Provided material:
+-------+
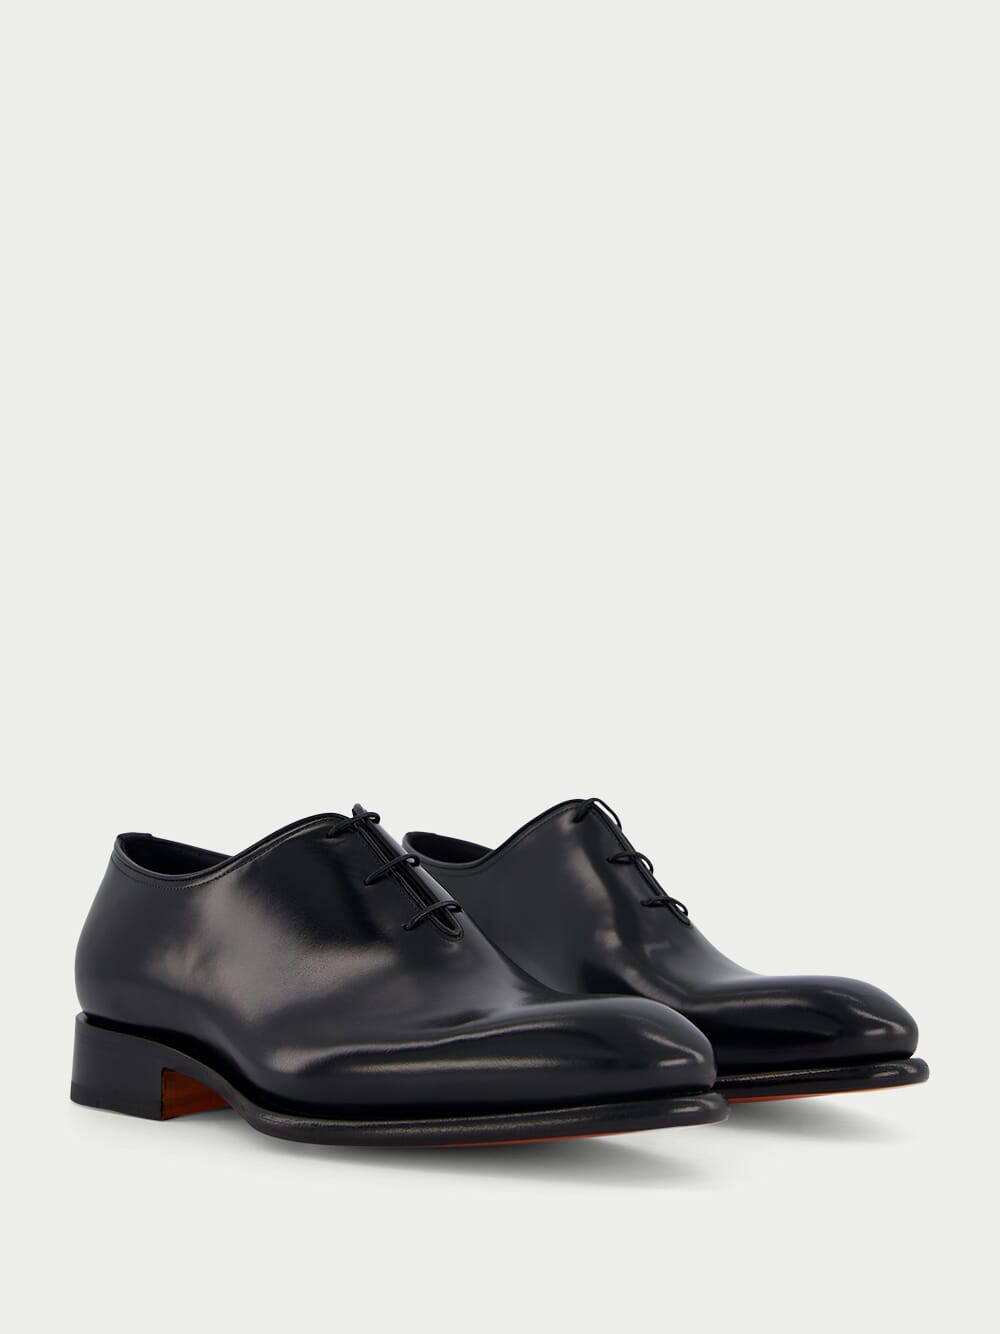 SantoniLeather Oxford Shoes at Fashion Clinic
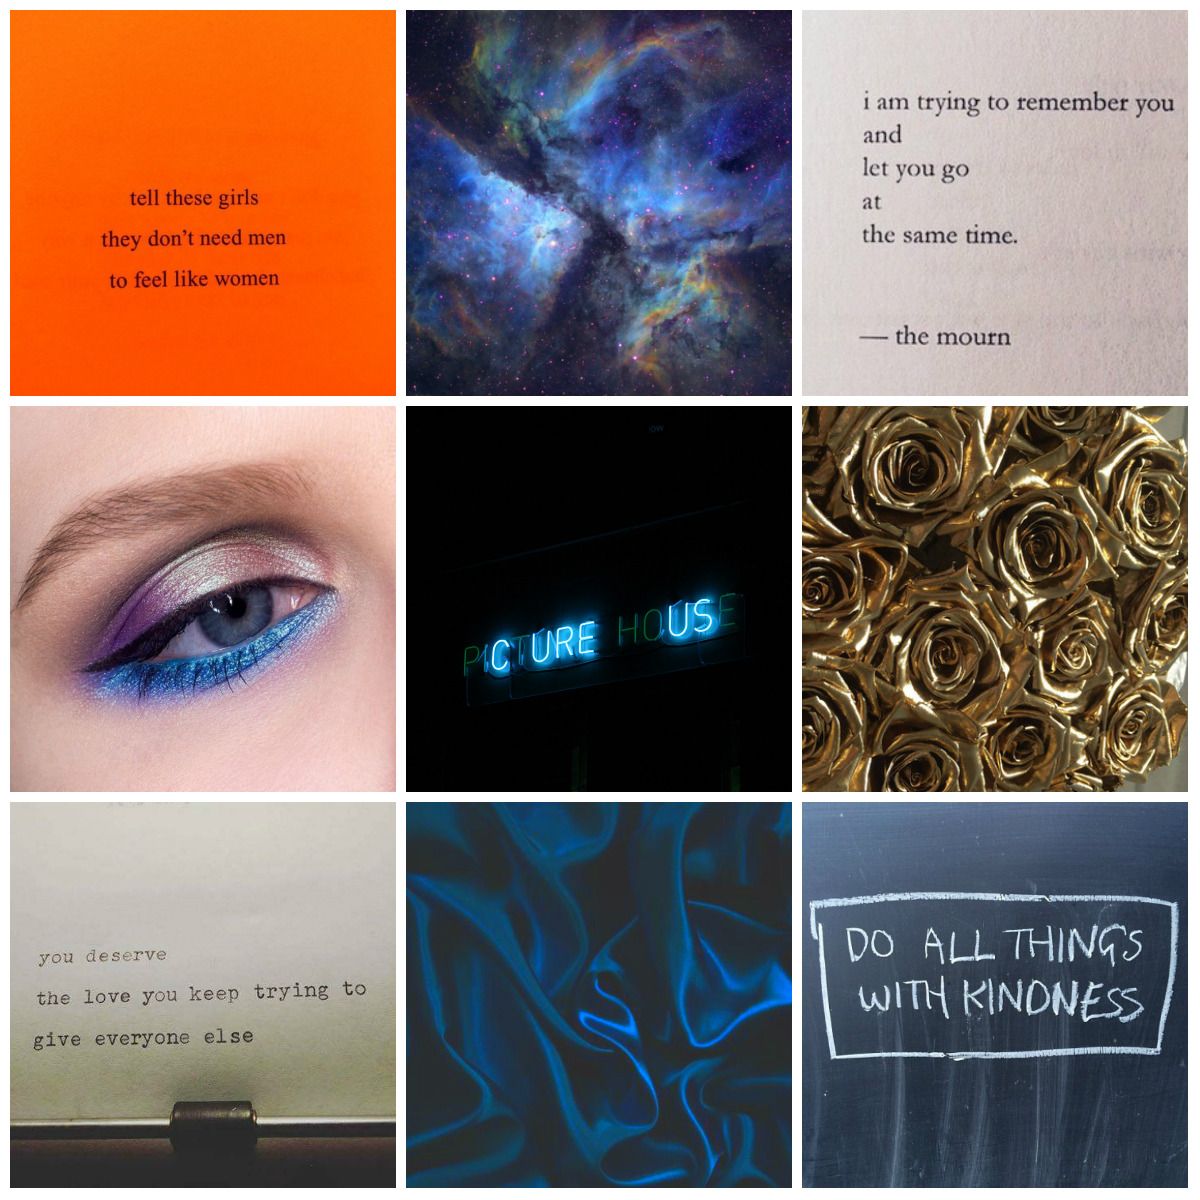 A collage of nine photos, including a galaxy background, a quote from The Mourn, a gold rose illustration, and a blue eye with a galaxy eyeliner. - Star Trek
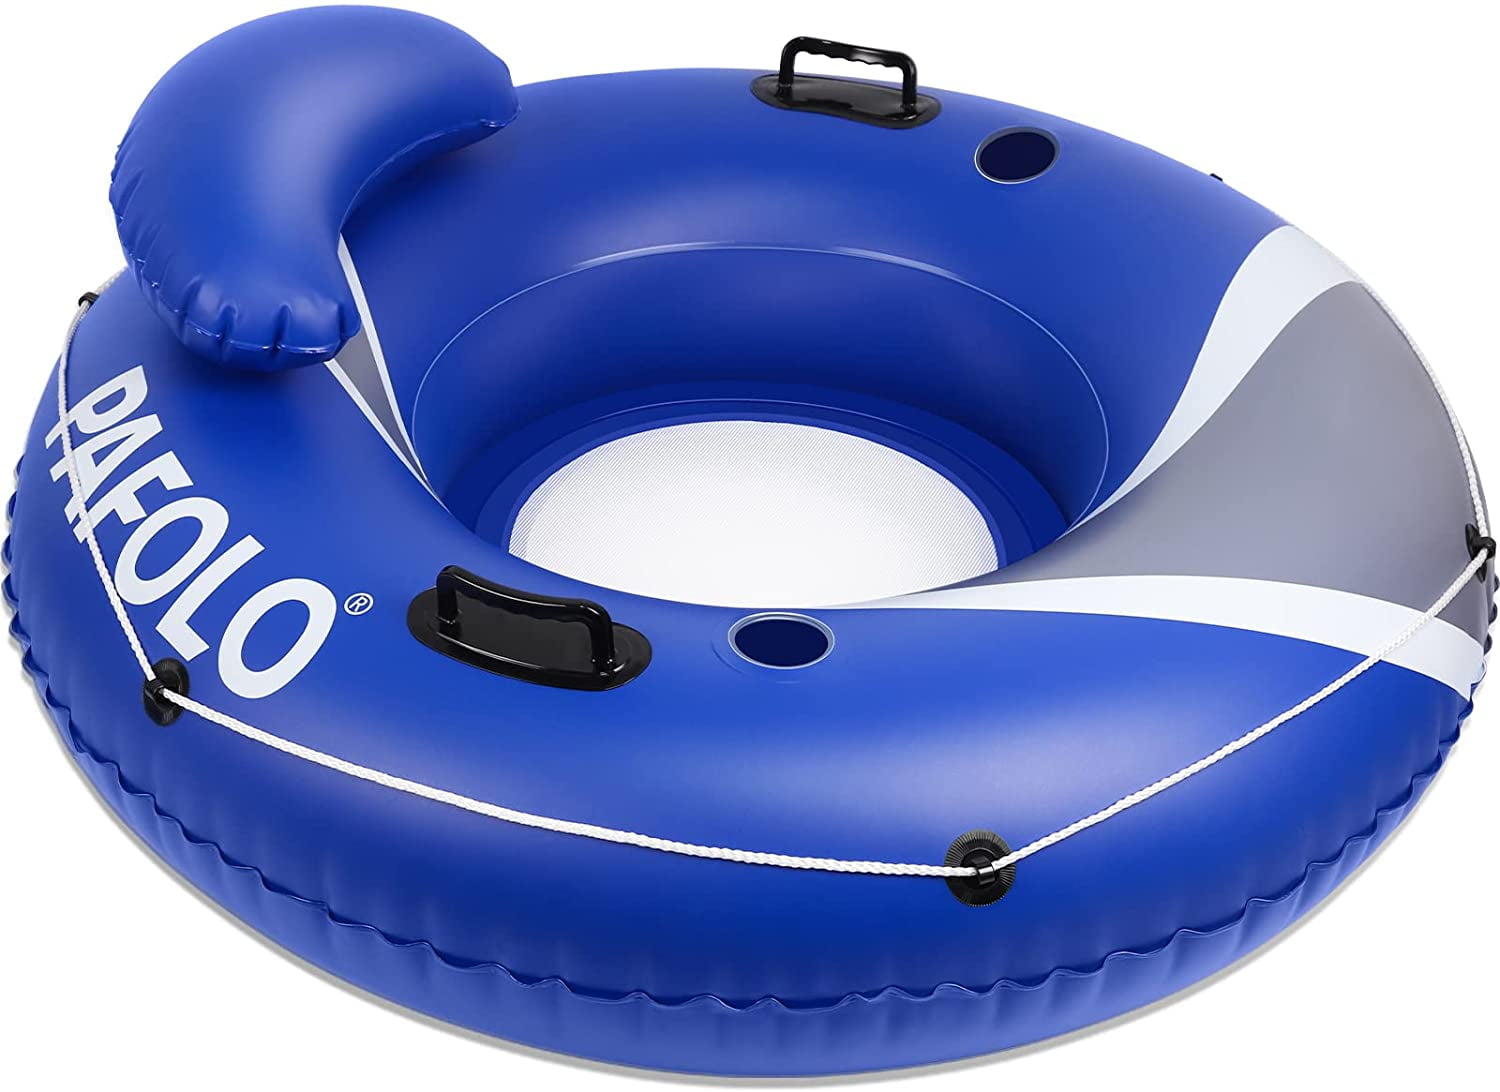 PAFOLO Pool Float Adult, River Tubes for Floating Heavy Duty, River Floats  with Mesh Bottom, 2 Cup Holders, 2 Heavy-Duty Handles, Headrest, 53  Inflatable Float Tube for Beach Lake Rafting
+-------+
Task item:
Your response must reproduce every line of the data exactly, with images omitted.

Response:
 SantoniLeather Oxford Shoes at Fashion Clinic
 A collage of nine photos, including a galaxy background, a quote from The Mourn, a gold rose illustration, and a blue eye with a galaxy eyeliner. - Star Trek
 PAFOLO Pool Float Adult, River Tubes for Floating Heavy Duty, River Floats  with Mesh Bottom, 2 Cup Holders, 2 Heavy-Duty Handles, Headrest, 53  Inflatable Float Tube for Beach Lake Rafting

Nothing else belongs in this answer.